Hello guys!
I have a problem om my 1GB Droplet with ‘mysqld’:
The droplet is configured via ServerPilot and everything works just fine.
My only problem is that when the server is being used (+50 users on the same time) the memory will go up, and use almost 900mb of RAM. I guess it’s cool, and the sites work fast and so on (Also got SWAP file in case) but my problem is that the memory wont go down again (To like 200-300 MB RAM).
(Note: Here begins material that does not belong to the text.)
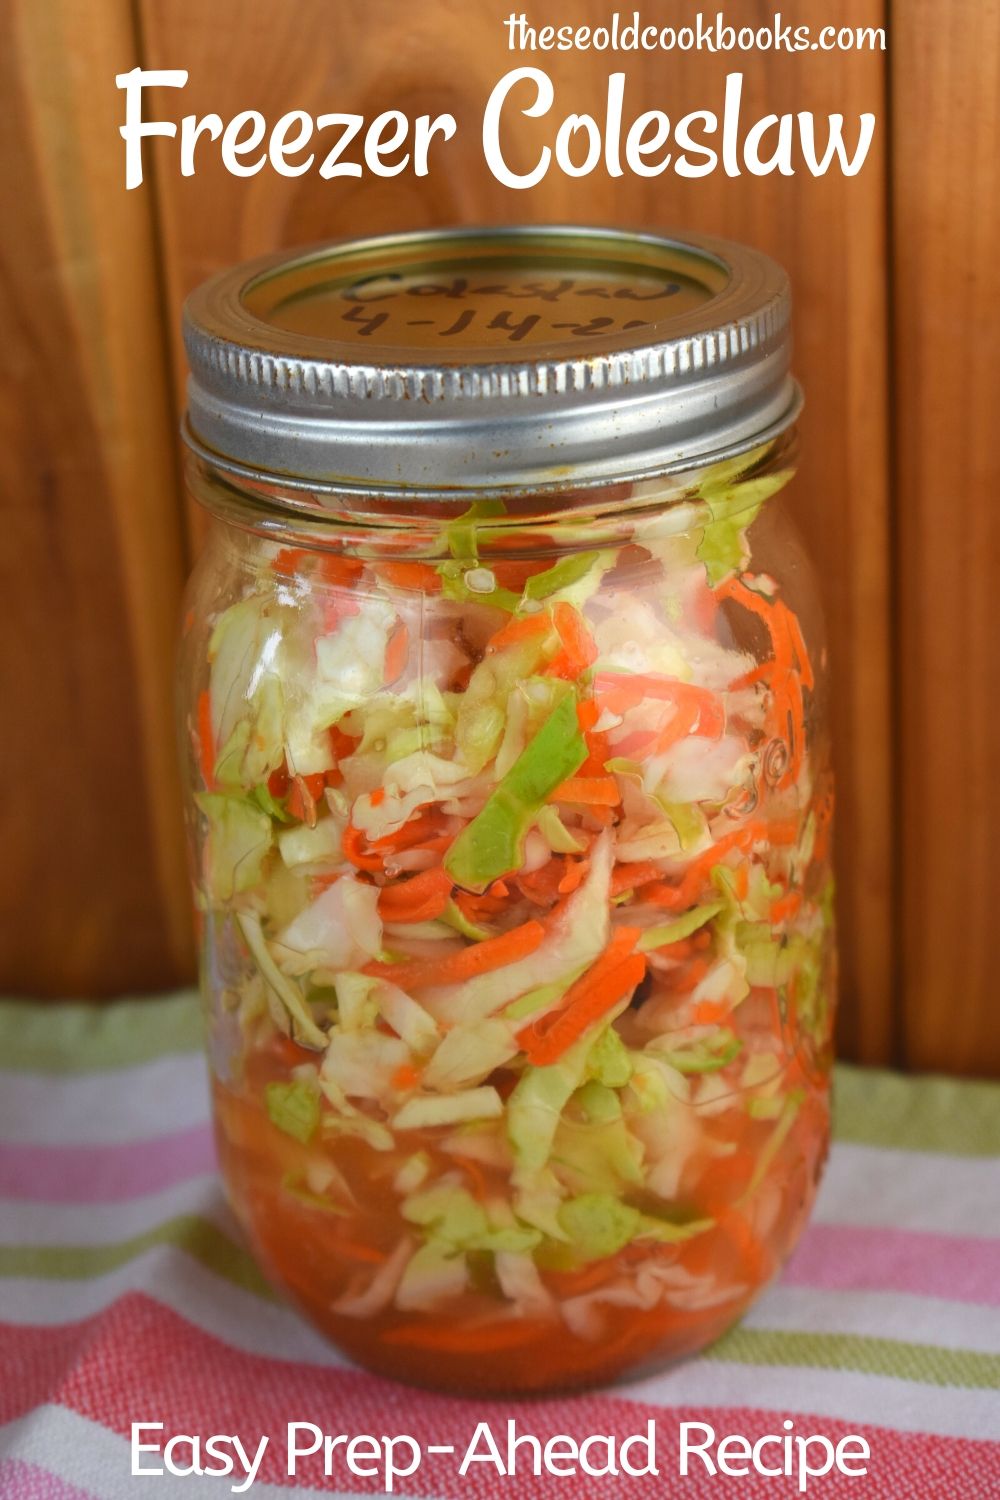 When you are in need of a quick side dish on a busy weeknight, it's very convenient to pull out one of these pints of old fashioned freezer slaw to serve along your main dish.

Is this normal behavior?
If I use ‘htop
’ I get the following:
PID USER PRI NI VIRT RES SHR S CPU% MEM% TIME+ Command
1077 mysql 20 0 868M 103M 3124 S 3.3 10.4 3:12.34 /usr/sbin/mysqld
1173 mysql 20 0 868M 103M 3124 S 0.0 10.4 0:03.92 /usr/sbin/mysqld
1174 mysql 20 0 868M 103M 3124 S 0.0 10.4 0:06.79 /usr/sbin/mysqld
1175 mysql 20 0 868M 103M 3124 S 0.0 10.4 0:04.96 /usr/sbin/mysqld
1176 mysql 20 0 868M 103M 3124 S 0.0 10.4 0:05.67 /usr/sbin/mysqld
1177 mysql 20 0 868M 103M 3124 S 0.0 10.4 0:06.64 /usr/sbin/mysqld
1178 mysql 20 0 868M 103M 3124 S 0.0 10.4 0:04.03 /usr/sbin/mysqld
1179 mysql 20 0 868M 103M 3124 S 0.0 10.4 0:05.08 /usr/sbin/mysqld
1180 mysql 20 0 868M 103M 3124 S 0.0 10.4 0:04.96 /usr/sbin/mysqld
1181 mysql 20 0 868M 103M 3124 S 0.0 10.4 0:06.41 /usr/sbin/mysqld
1182 mysql 20 0 868M 103M 3124 S 0.0 10.4 0:06.78 /usr/sbin/mysqld
1190 mysql 20 0 868M 103M 3124 S 0.0 10.4 0:11.25 /usr/sbin/mysqld
1191 mysql 20 0 868M 103M 3124 S 0.0 10.4 0:15.42 /usr/sbin/mysqld
1192 mysql 20 0 868M 103M 3124 S 0.0 10.4 0:01.02 /usr/sbin/mysqld
1193 mysql 20 0 868M 103M 3124 S 3.3 10.4 0:24.00 /usr/sbin/mysqld
1215 mysql 20 0 868M 103M 3124 S 0.0 10.4 0:00.00 /usr/sbin/mysqld
1337 mysql 20 0 868M 103M 3124 S 0.0 10.4 0:15.42 /usr/sbin/mysqld
1421 mysql 20 0 868M 103M 3124 S 0.0 10.4 0:20.37 /usr/sbin/mysqld
1705 mysql 20 0 868M 103M 3124 S 0.0 10.4 0:13.58 /usr/sbin/mysqld
2464 mysql 20 0 868M 103M 3124 S 0.0 10.4 0:18.78 /usr/sbin/mysqld
2467 mysql 20 0 868M 103M 3124 S 0.0 10.4 0:13.16 /usr/sbin/mysqld
11823 mysql 20 0 868M 103M 3124 S 0.0 10.4 0:03.01 /usr/sbin/mysqld
As you can see the /usr/sbin/mysqld
is there a lot, and uses a lot of memory, even when no users are using the sites (I have 2 sites on the droplet) - Side question: why is there so many instances?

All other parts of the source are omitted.